Niektórzy są tak wzruszeni, że nie są w stanie rozmawiać z panem Janem. Coś ich ściska za gardło. Cmentarz Obrońców Lwowa. Obok Cmentarz Orląt. Zbigniew Jurkiewicz z Polskiego Towarzystwa Opieki nad Grobami Wojskowymi informuje o przebiegu prac, zamierzeniach.
"Chcemy przywrócić pierwotny wygląd jednemu z najpiękniejszych na świecie cmentarzy pod względem architektonicznym. Pracujemy codziennie po kilka, a nawet po kilkanaście godzin".
Pora wracać do Zamościa. Grupę żegnają najstarsze lwowianki. Ich opowieści o życiu w tym mieście wyciskają łzy z oczu sportowców. One także płaczą po otrzymaniu napojów i kanapek, które uczestnicy zabrali ze sobą "na drogę", a które teraz przekazują "babciom".
"Niech dobry Bóg ma was w swej opiece. Dziękujemy wam za okazane serce i za ten chleb. Podziękujcie tym wszystkim Polakom, którzy pomagają lwowiakom" - mówi przez łzy 72-letnia Wanda Zielińska.
NASZA JEST NOC
Sobotni ranek. Na stadionie OSiR rojno i gwarno. Święto Sportu Szkolnego przyciągnęło półtora tysiąca uczniów oraz ich rodziców. Na ulicach Zamościa o medale mistrzostw Polski w półmaratonie i maratonie rywalizują już inwalidzi na wózkach. Oni wystartowali najwcześniej.

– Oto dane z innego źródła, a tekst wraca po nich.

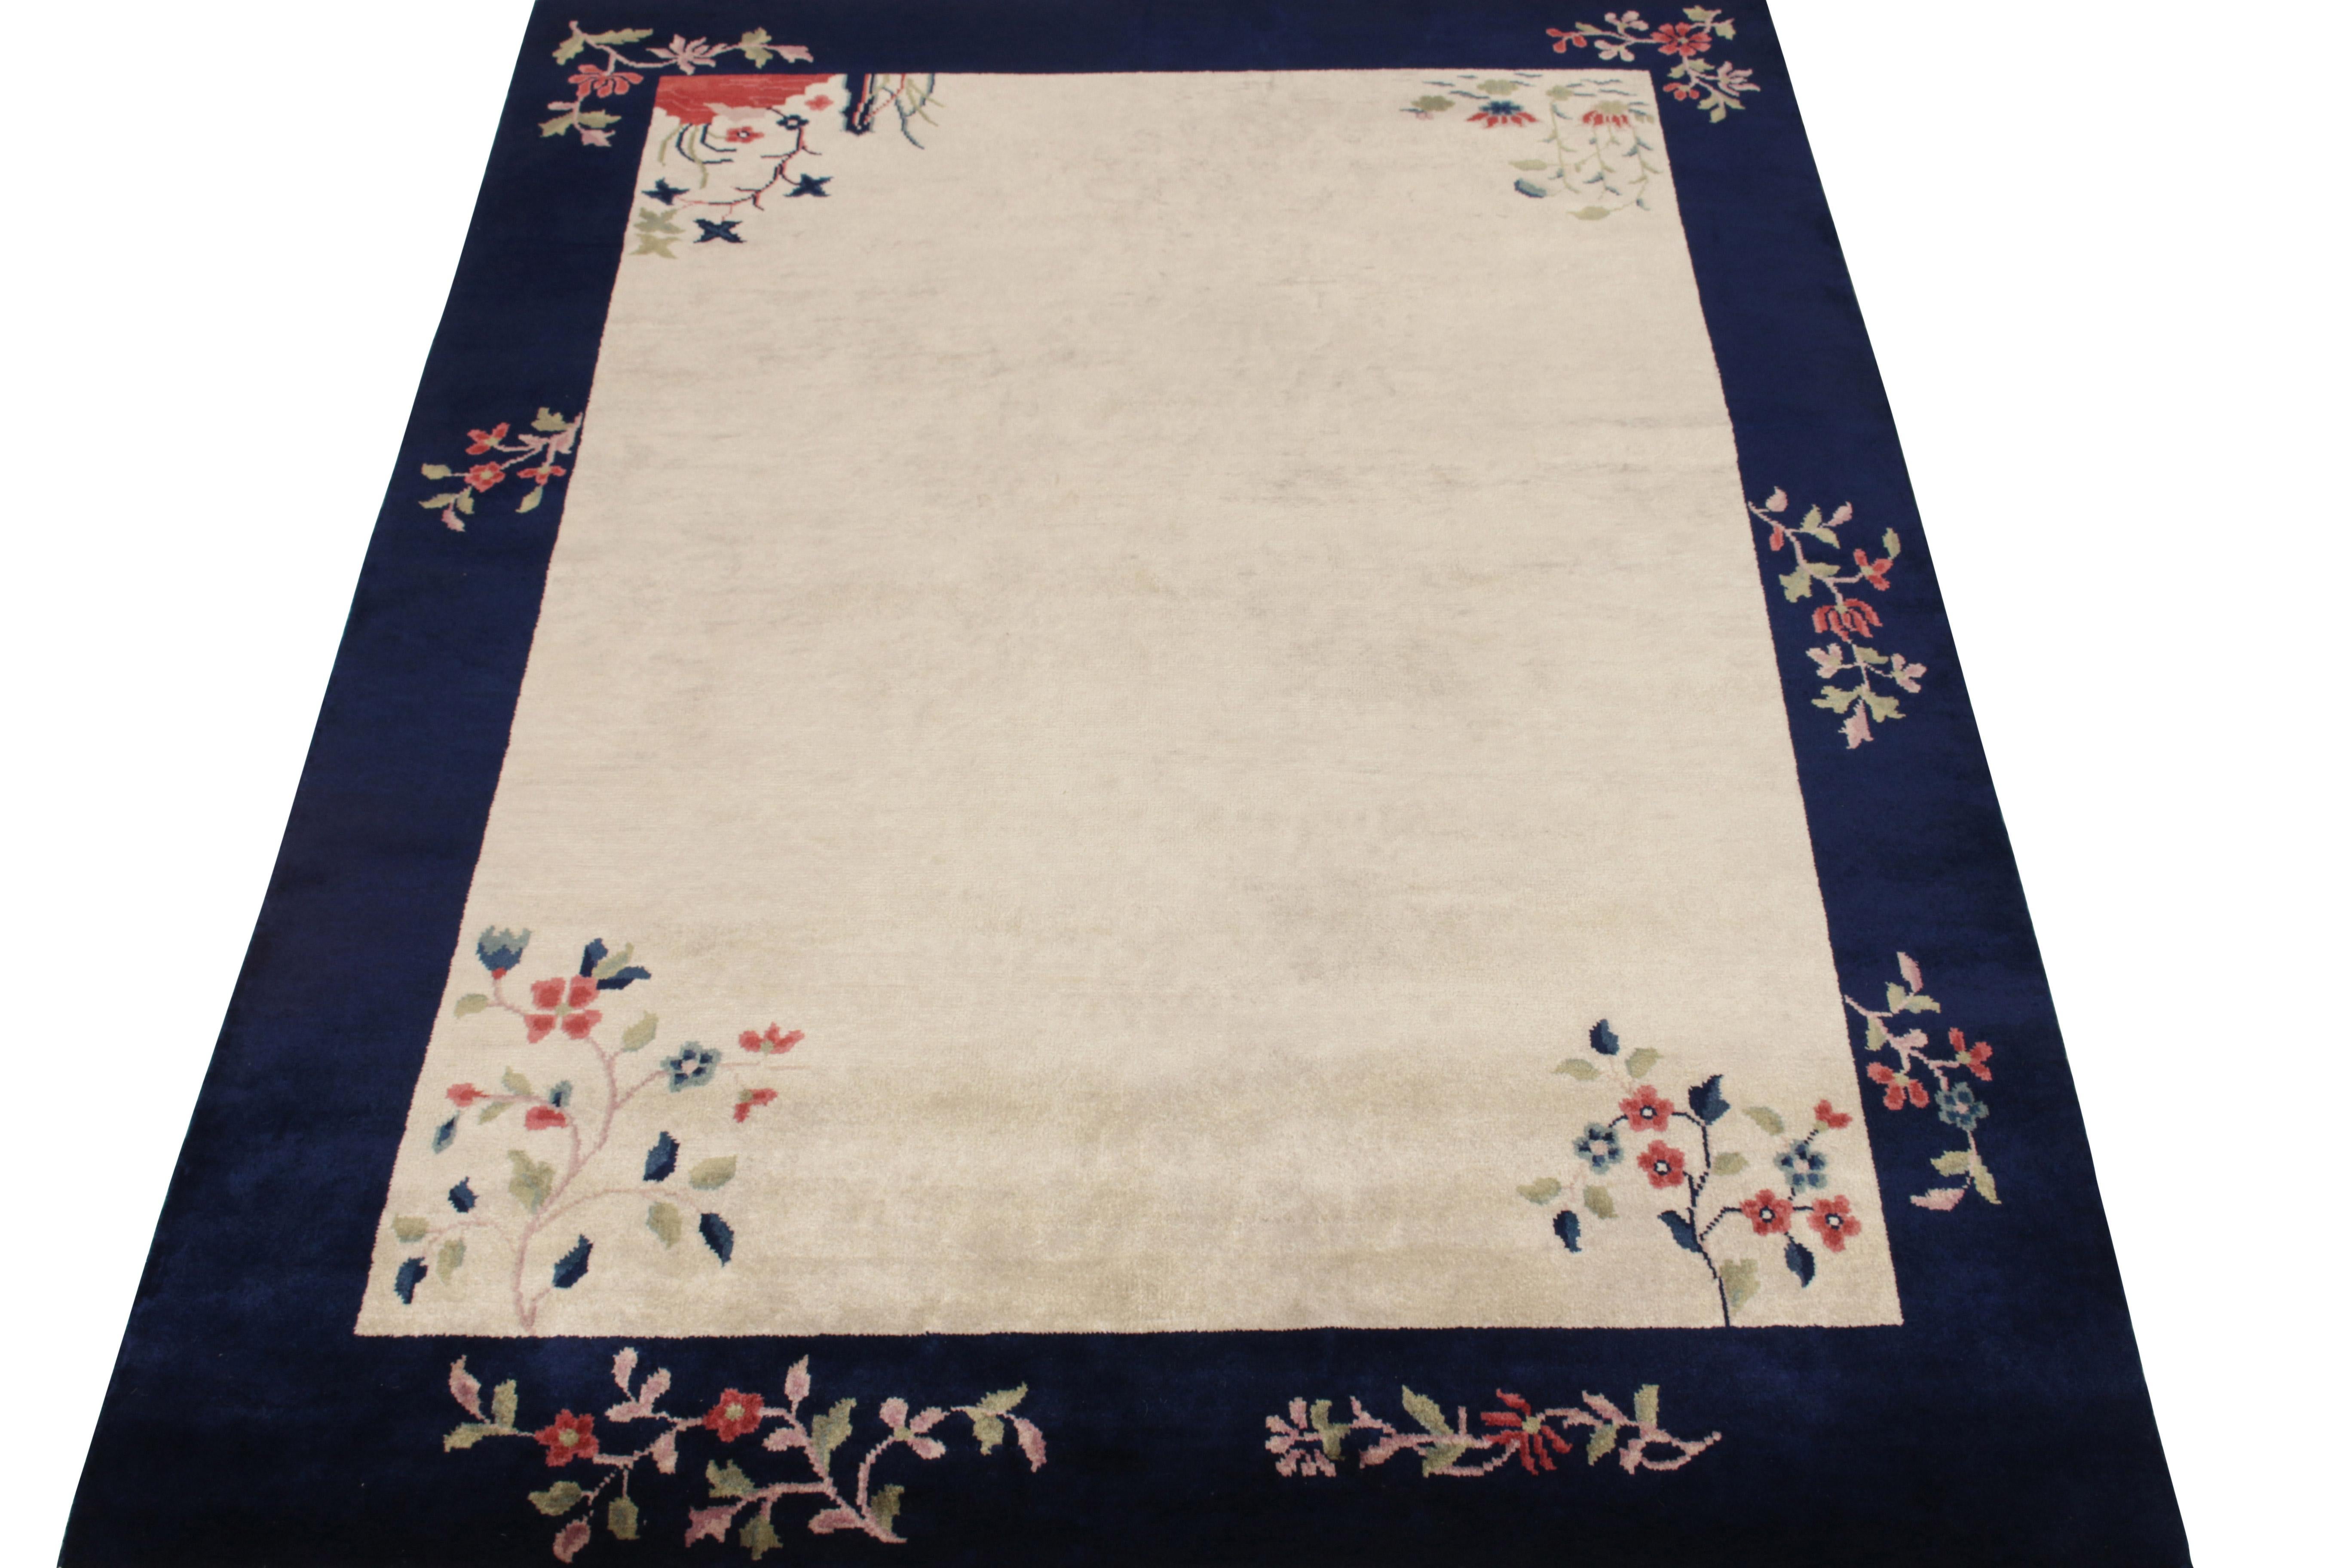 Carrying a healthy pile, this 6 x 8 vintage piece from Rug & Kilim’s Antique & Vintage collection celebrated delicate florals and open field style in the coveted Chinese art deco sensibilities of the 1920s. Hand-knotted in wool, the off white field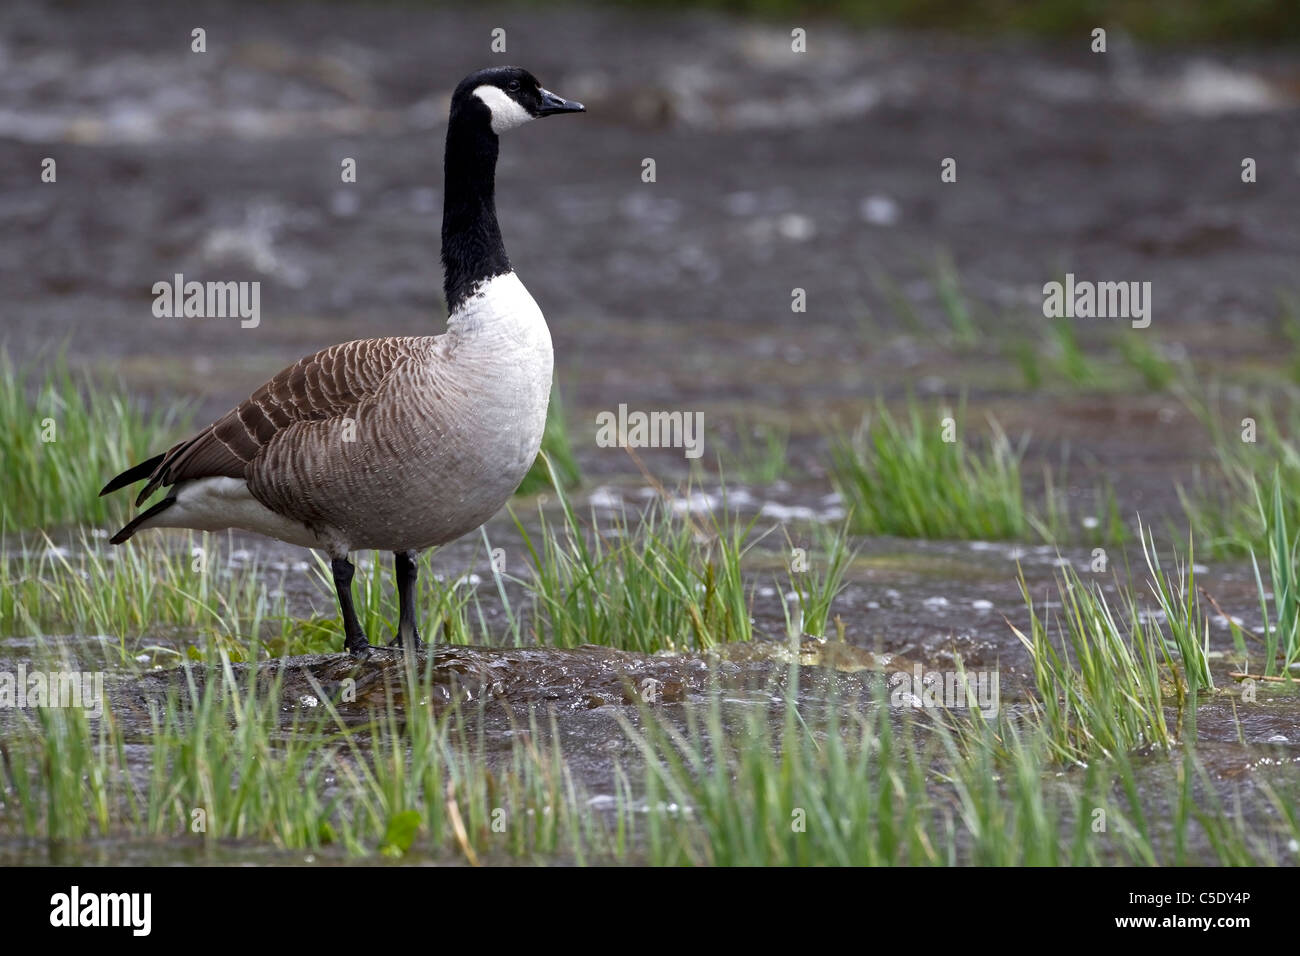 Side shot of a Canada goose standing along by grass Stock Photo

Zbliża się południe. Temperatura w słońcu przekracza 40 stopni. Kibice, którzy przyszli na Rynek Wielki szukają cienia. Na płycie przed Ratuszem drepcze nerwowo prawie 200 biegaczy. Za chwilę wyruszą na trasę, prowadzącą z Rynku przez stadion i znów na Rynek. Pętla ma 3 km i 78 m. Z wieży Ratusza odgrywany jest hejnał. Maria Kwaśniewska-Maleszewska w towarzystwie prezydenta Zamościa Marka Grzelaczyka i wicewojewody lubelskiego Tomasza Flisa strzela z pistoletu startowego.
Powtarza się historia biegu dobowego sprzed czterech lat. Wówczas to (8-9 czerwca) w Warszawie warunki pogodowe były identyczne jak teraz. Na pewnym odcinku trasy topił się asfalt. Mimo to 24-godzinny bieg ukończyło sto osób, prawie tyle, ile wystartowało.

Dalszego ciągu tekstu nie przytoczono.